Again and again, Lee gave the producers the story that works so well for reality TV: He gave them a Journey.
He was just joking, he said, at first, of the tweets in question. (“I’m facetious. I make jokes when I’m uncomfortable in inappropriate times.”)
And then: He admitted that “I wasn’t as considerate as I could’ve been in a lot of ways.”
And then: “I understand where you’re coming from.”
And then: “I feel like I have a lot to learn in that area. And I feel like I said things that I should not have said. And they were inconsiderate.”
And then: “I don’t—I, I don’t like racism at all. It bothers me morally. It bothers me inside. And I don’t like it.”
And then: “But also, I have to think about how I’m making you guys feel. You know, there are things that I can learn. There are things that a lot of people can learn.”
And then: “You know, if I hurt anybody, in any kind of way, with a bad joke, or anything like that, then I apologize.”
It went on like this: Lee, having chance after chance to admit that what he had put out into the world was more than “a bad joke”; Lee, after each opportunity, effectively declining. Lee, sticking to the talking points—there are things I can learn—while refusing to have a true conversation.
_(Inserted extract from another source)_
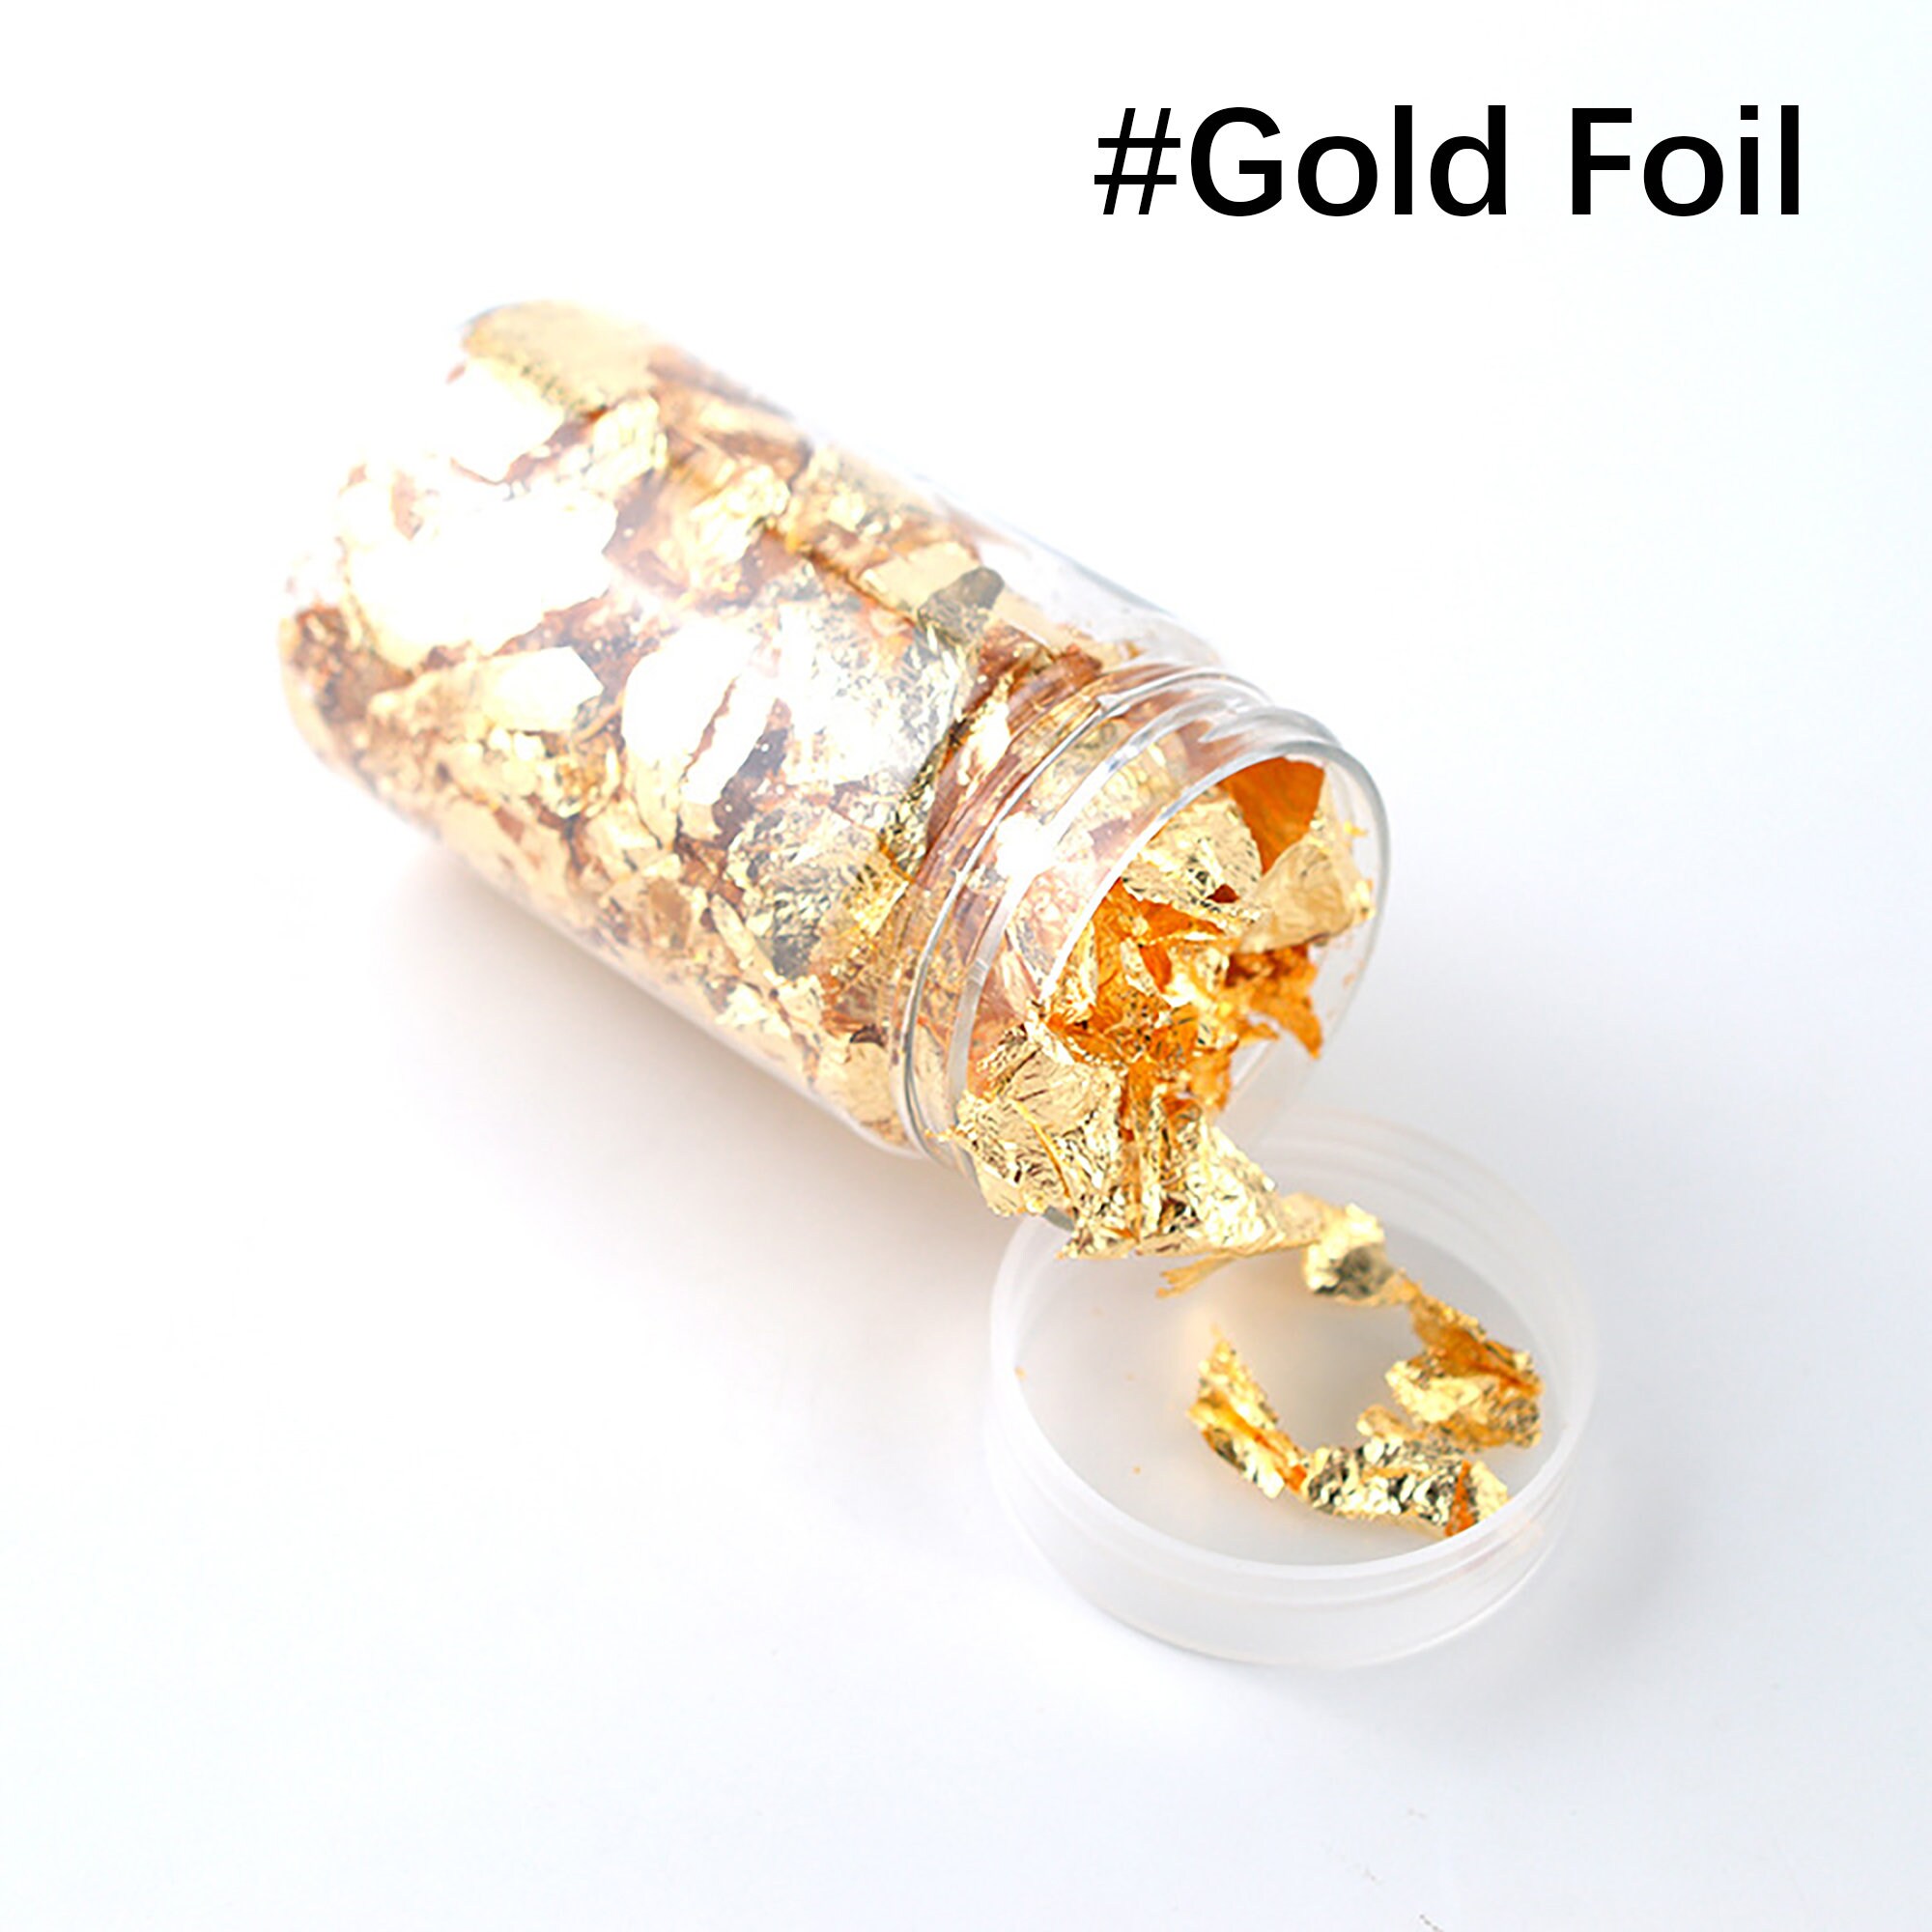 Gold Leaf Flakes, Gold Foil Flakes for Resin, Gold Silver Rose Gold Foil  Paper Flakes, Resin Decorative Fillings, Epoxy Resin Filler -  Hong Kong

Lee, Lee, Lee. (“It hurts a lot,” he said, at one point, apparently referring to the pain of being called out for being racist.)
The special, indeed, dedicated so much time to Lee’s Journey that, when he finally made a concession about the tweet that compared the NAACP to the KKK—“that tweet was racist, and I denounce it”—the show treated it as a kind of moral victory. The audience applauded. As Lee’s fellow contestant, Anthony Battle, who had earlier in the special called Lee out for “racist thoughts that are implicitly embedded in your mentality,” put it: “This is a growing experience for everybody.”
But it wasn’t, fully. It was a growing experience for Lee. And it was very barely that. “Where you go from here is up to you,” Chris Harrison, the show’s host and the moderator of this supposedly cleansing conversation, told Lee by way of conclusion. “And hopefully you lean on these guys and have that direction.”
“These guys,” though, owe nothing to Lee. Josiah Graham, the contestant who, as People summed it up, gave Lee “a history lesson” about the NAACP, owes him nothing. Kenny, who accepted a conciliatory hug from Lee at the end of one of their exchanges, owes him nothing. Viewers owe him nothing. And, certainly, Rachel Lindsay, whose “historic” season of The Bachelorette was hijacked by a man and his hatred, owes him nothing. “You turned it into something so ugly,” Rachel told Lee, when Harrison brought her out for her moment among the men. She added: “I didn’t want to give any life into you, your opinions, or your brief time on the show.”
She didn’t want to. “The show,” however, definitely did.